Blessings, Dharmalatha, showers on all those generous donors who bring not only alms in the form of food to the Sarana Home but also soap, toothpaste, towels, bed-sheets, pillow cases and much more.

In 1991, it was the recipient of only 12 danes (alms-givings) per year but now all 365 days of the year are booked and people are begging of those who are listed to hand over their days to them.

Every single item brought by the donors is used for the elderly, says Dharmalatha.

However, the home is in need of mattresses for the beds and tiny cupboards (3½’X2’) to store the stuff of each person and this is the plea which goes out from Dharmalatha.

The Sarana Home may be contacted on Phone: 047-2223625. Its postal address is: Godawaya, Dehigahalanda, Ambalantota.

 

The first centenarian-member

Toothless the smile is, but the face is serene. Agnes Nandawathi is not just the 1st to have been enrolled at the Sarana Home but she is also more than 100 years old.

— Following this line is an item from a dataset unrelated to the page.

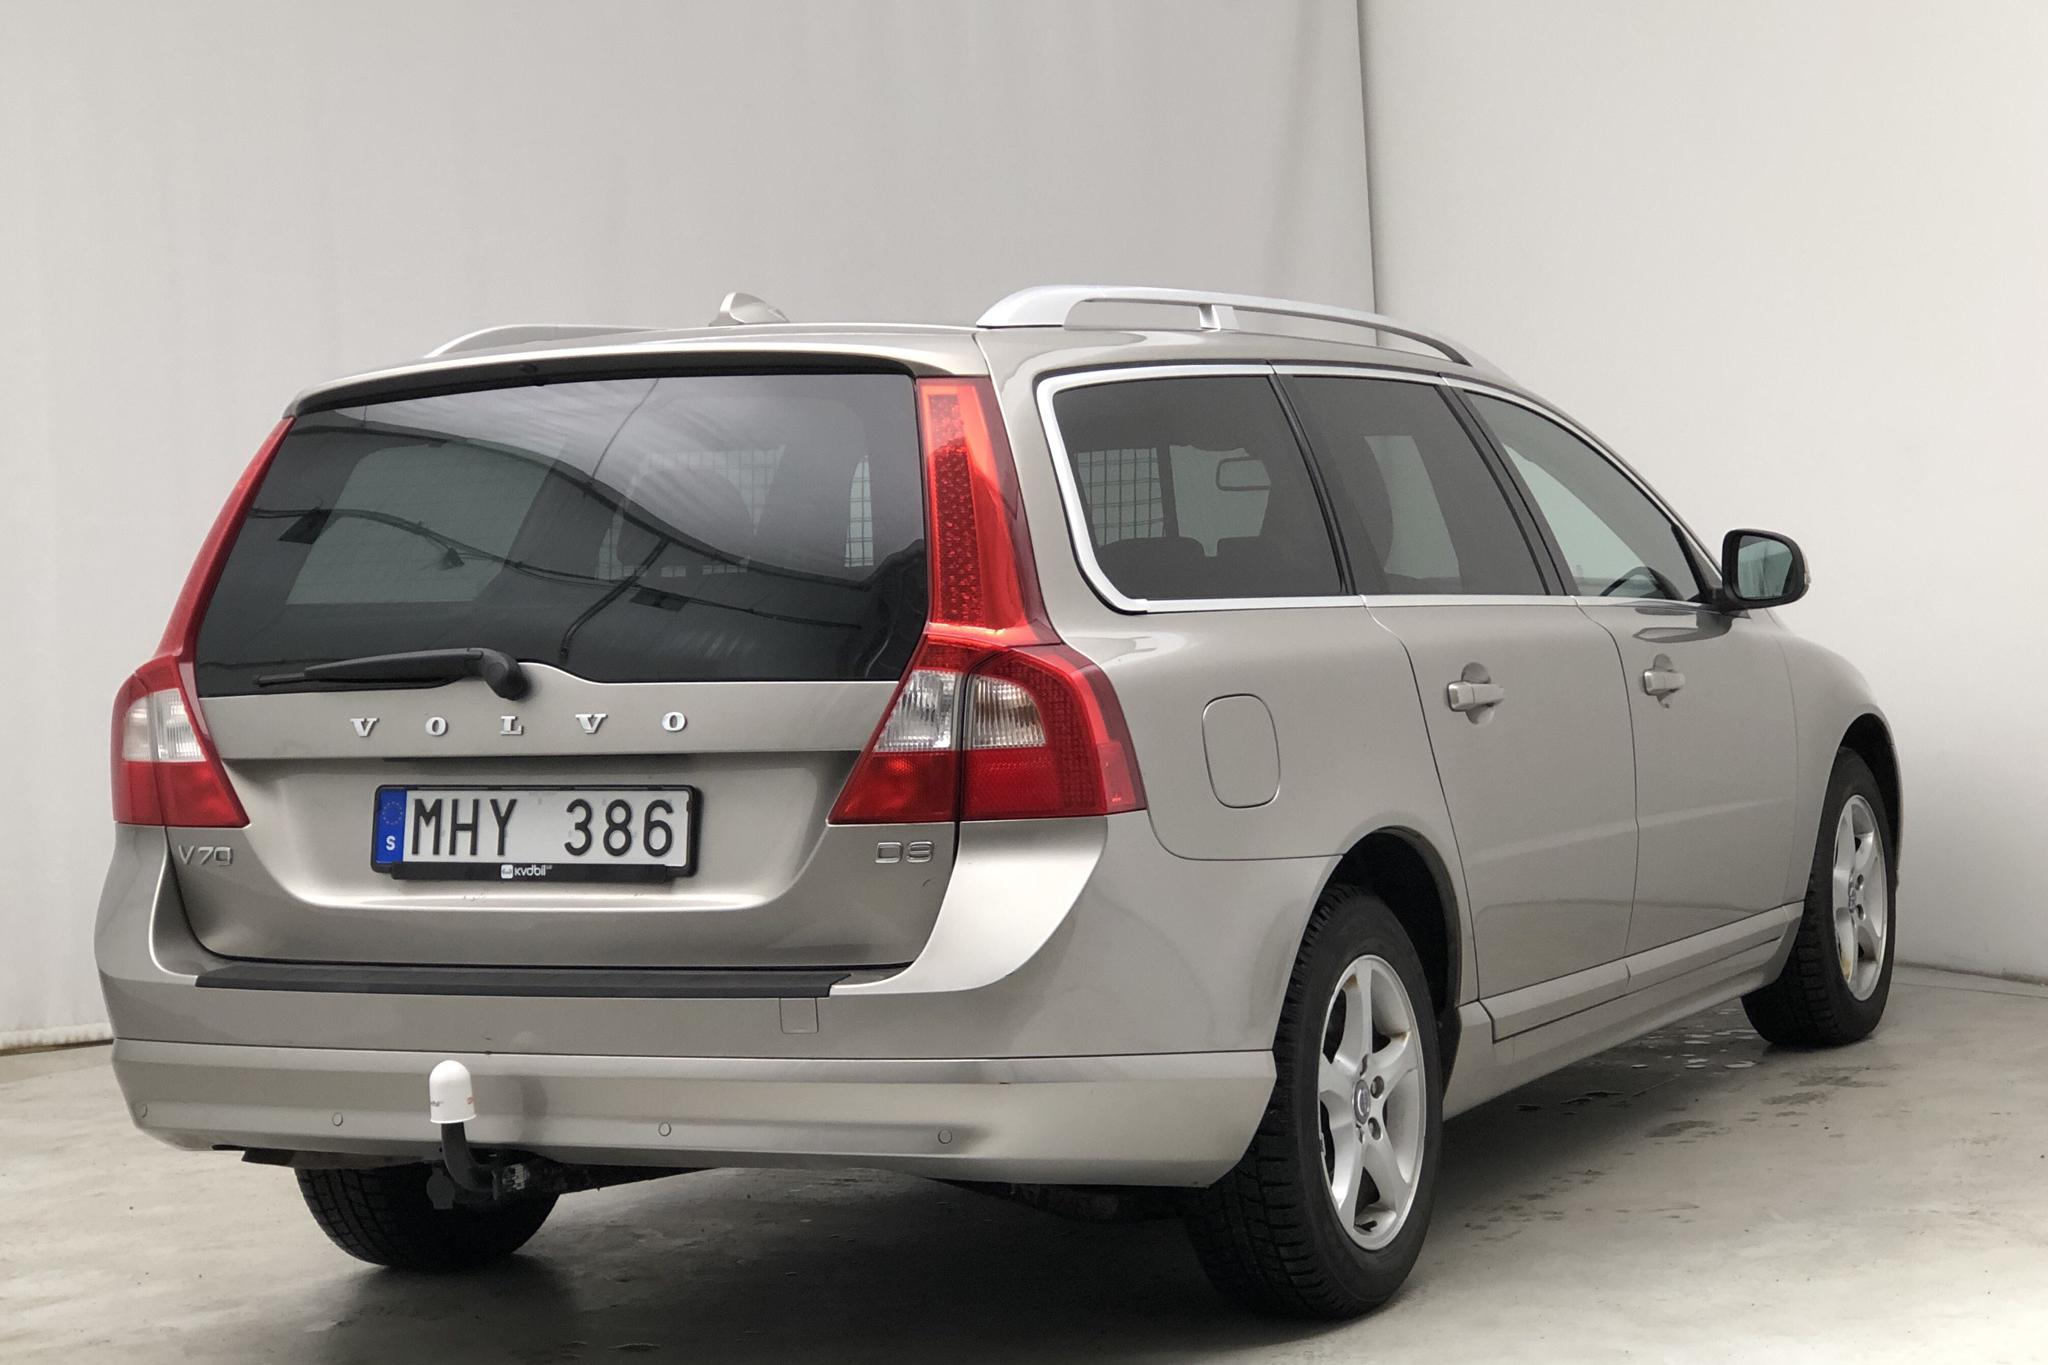 Volvo V70 II D3 (163hk) - 243 120 km - Automatic - Light Brown - 2012
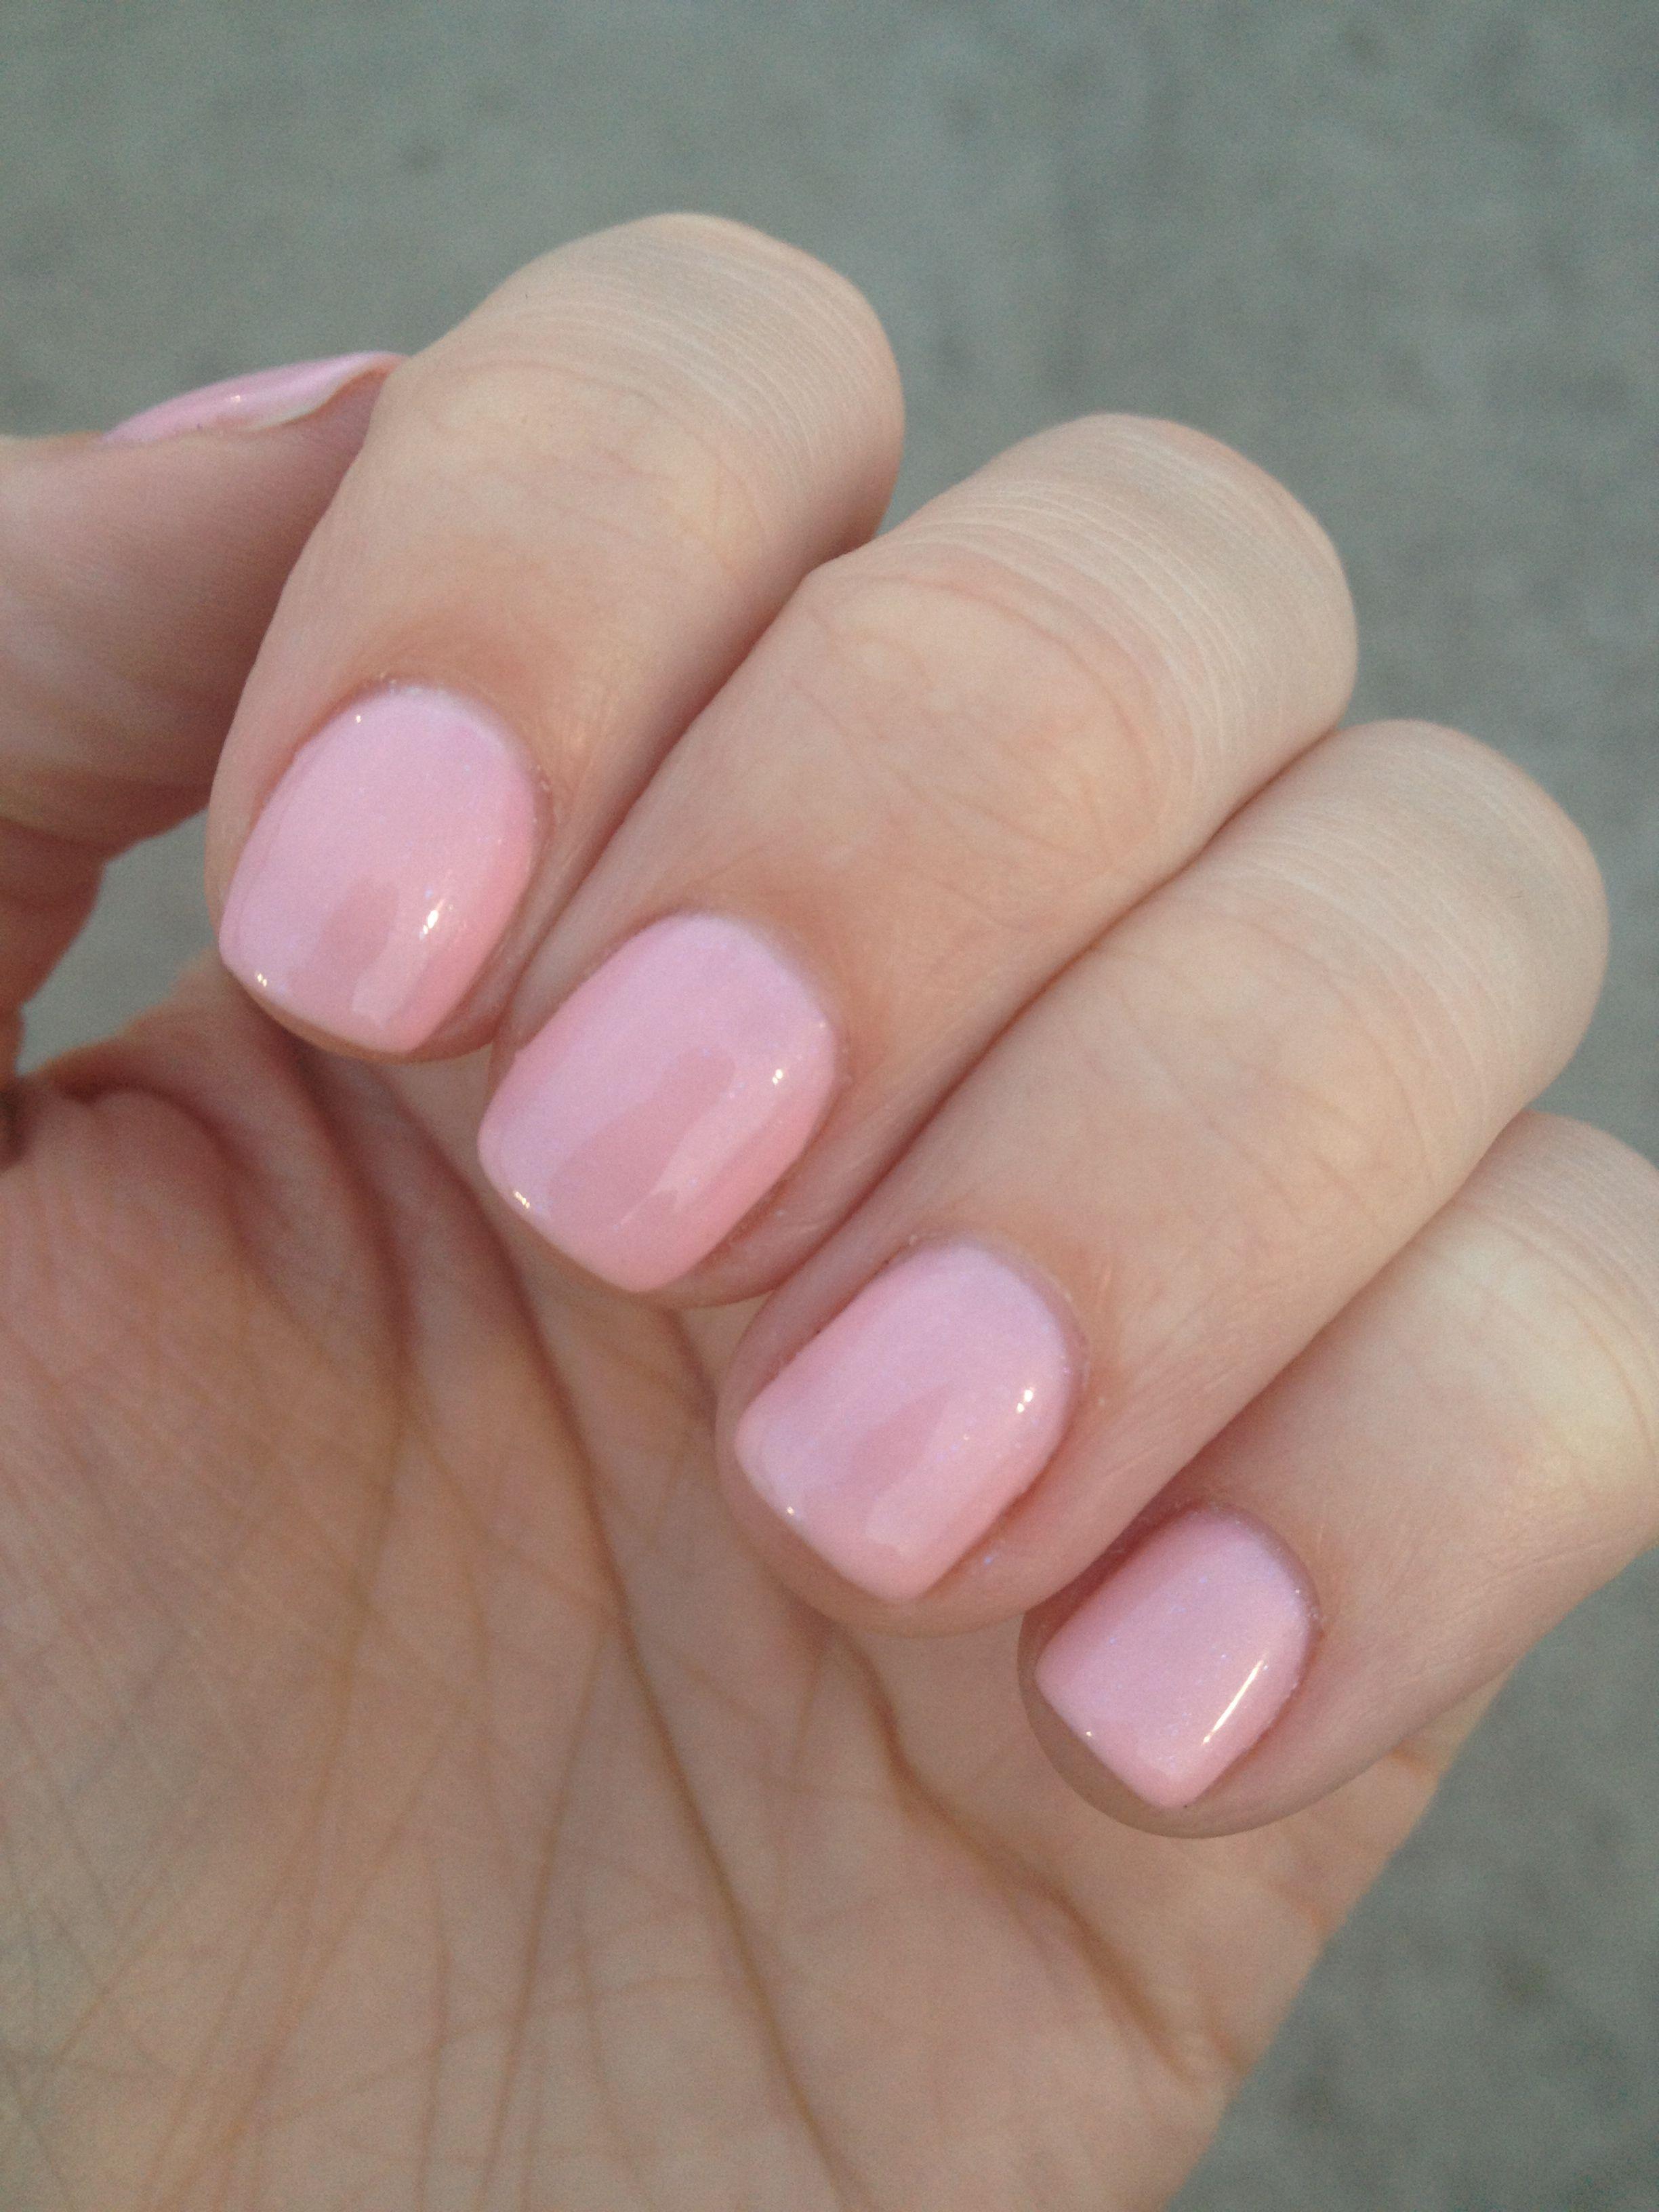 pretty in pink - gel nails ooo

She is quick at smiling repartee – “den nam ekasiya gananak, seeya panala evarie.”

Born in Kollupitiya, more than a century ago, Agnes had been enrolled at the Ratmalana School for the Blind as a tiny two-year-old. Both skilled and intelligent, in her prime she had been adept at “nool dala thaniyenma sariyak viyanne” (thread the loom and weave a saree single-handedly).

The early days of the Sarana Home, she recalls with alacrity. It was October 15, 1986, World White Cane Day that she came here, registered as the first member.

In those early days, she would wake up at midnight to open the karamaya (tap) of the tank and patiently bide her time until it filled up to close the tap and go back to bed, for they would get water only for a few hours each night. She was not scared of the dark for her whole life has been spent in darkness.

There are no regrets, for Agnes is thankful that she has led a productive life and now in the twilight years she is content.